AA_TRUST_DOMAIN string "agentwrit.local" No SPIFFE trust domain used in agent identity URIs (e.g., spiffe://agentwrit.local/agent/...).
AA_DEFAULT_TTL int 300 No Default token TTL in seconds (5 minutes).
AA_MAX_TTL int 86400 No Maximum token TTL ceiling in seconds (24 hours). Tokens requesting longer TTL are clamped to this value. Set to 0 to disable the ceiling entirely.
AA_BIND_ADDRESS string "127.0.0.1" No Bind address for the HTTP listener. Use "0.0.0.0" for Docker or to accept external connections.
AA_SIGNING_KEY_PATH string "./signing.key" No Path to Ed25519 private key for token signing. If the file does not exist, a fresh key is generated and saved to this path on startup.
AA_AUDIENCE string (empty) No Expected aud claim in JWTs. Unset or empty skips audience validation. Set to a non-empty value to enforce it.
AA_APP_TOKEN_TTL int 1800 No TTL for app JWTs in seconds (30 minutes). Controls how long app-authenticated tokens last.
AA_SEED_TOKENS bool false No Print seed launch and admin tokens to stdout on startup. Development only -- never enable in production.
AA_DB_PATH string "./data.db" No Path to the SQLite database file for audit event persistence. The broker creates the file and table on first startup. Leaving this unset uses the default ./data.db. See Audit Persistence below.
AA_TLS_MODE string "none" No Transport security mode: none (plain HTTP), tls (one-way TLS), mtls (mutual TLS). See TLS/mTLS Configuration below.
AA_TLS_CERT string (none) If TLS Path to the broker's TLS certificate PEM file. Required when AA_TLS_MODE is tls or mtls.
AA_TLS_KEY string (none) If TLS Path to the broker's TLS private key PEM file. Required when AA_TLS_MODE is tls or mtls.
AA_TLS_CLIENT_CA string (none) If mTLS Path to the client CA certificate PEM file used to verify client certificates.

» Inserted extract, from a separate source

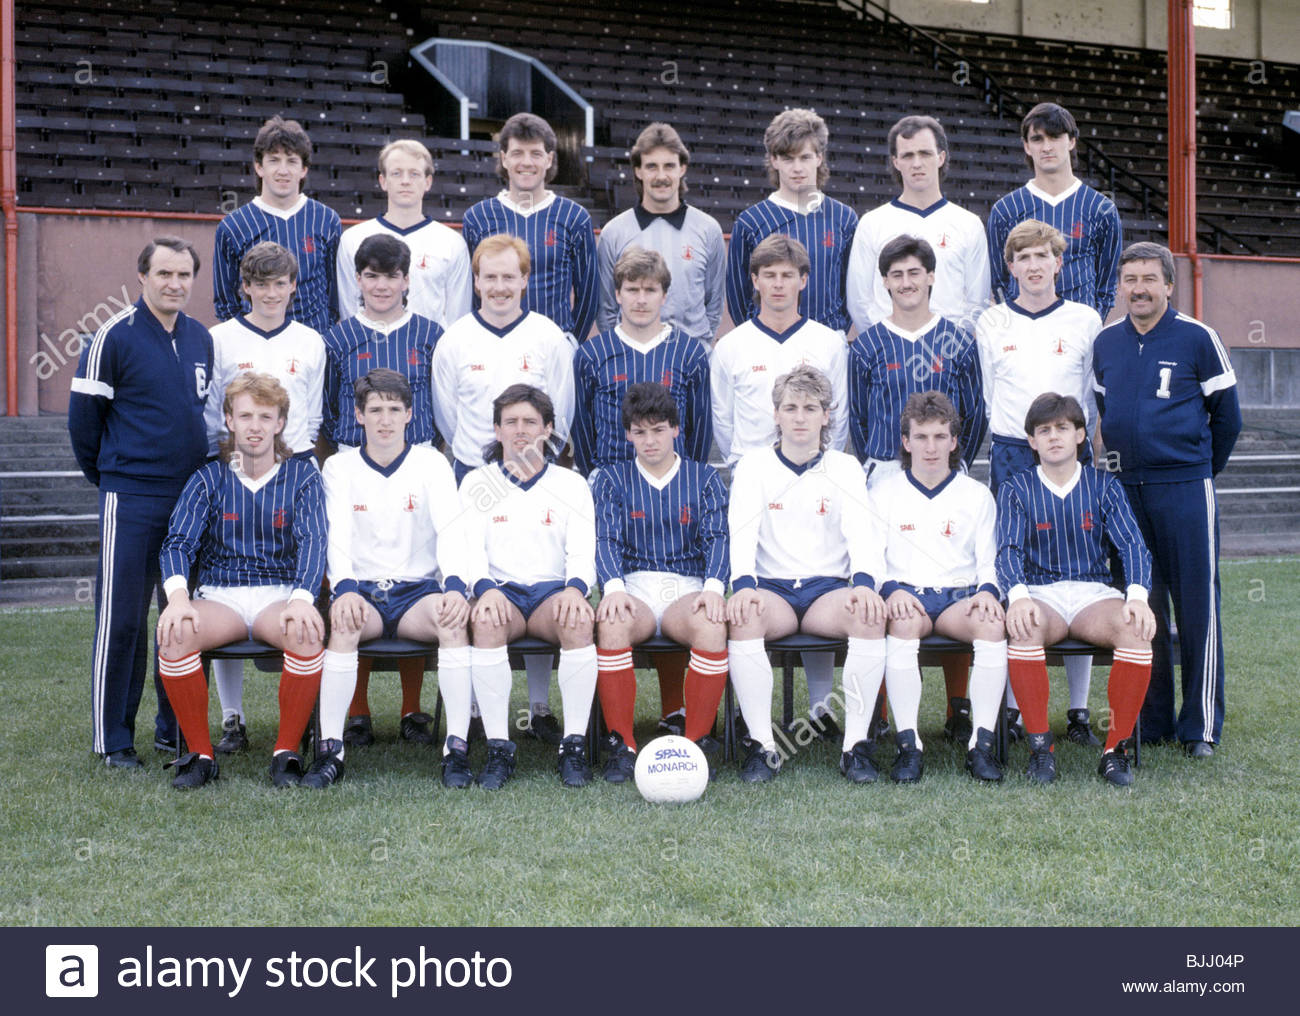 SEASON 1985/1986 FALKIRK Falkirk team picture - Stock Image

Required when AA_TLS_MODE is mtls.

Security notes

  • AA_ADMIN_SECRET is the root of trust for the entire system. Anyone who knows this value can create launch tokens, revoke credentials, and read the audit trail. Treat it like a root password.
  • AA_SEED_TOKENS bypasses the normal bootstrap flow by printing tokens to stdout. This is for local development and testing only.
  • The broker persists its Ed25519 signing key to disk at AA_SIGNING_KEY_PATH (default ./signing.key). A new key is generated only on first startup. Tokens remain valid across restarts. To rotate the key, delete the file and restart — all previously issued tokens become invalid. Protect the key file as you would any private key.
  • Security headers are set on ALL responses automatically: X-Content-Type-Options: nosniff, Cache-Control: no-store, X-Frame-Options: DENY. When AA_TLS_MODE is tls or mtls, Strict-Transport-Security (HSTS) is also included. No configuration is needed -- these are always active.
  • Request body limit of 1 MB is enforced globally on all endpoints (not just POST). Requests exceeding this limit are rejected before reaching any handler.
  • Error messages are sanitized for security-sensitive endpoints. Token validation, renewal, and auth middleware return generic messages (e.g., "token is invalid or expired") to prevent leaking internal state to clients.

TLS/mTLS Configuration

By default the broker listens on plain HTTP (AA_TLS_MODE=none). For production deployments, enable TLS or mutual TLS to encrypt traffic and optionally require client certificates.

Mode: tls (one-way TLS)

The broker presents a certificate. Clients verify the broker's identity but do not present their own certificate.

export AA_TLS_MODE=tls
export AA_TLS_CERT=/etc/broker/certs/broker.crt
export AA_TLS_KEY=/etc/broker/certs/broker.key
export AA_ADMIN_SECRET="$(openssl rand -hex 32)"

go run ./cmd/broker
# AgentWrit broker v2.0.0 listening on :8080 (TLS)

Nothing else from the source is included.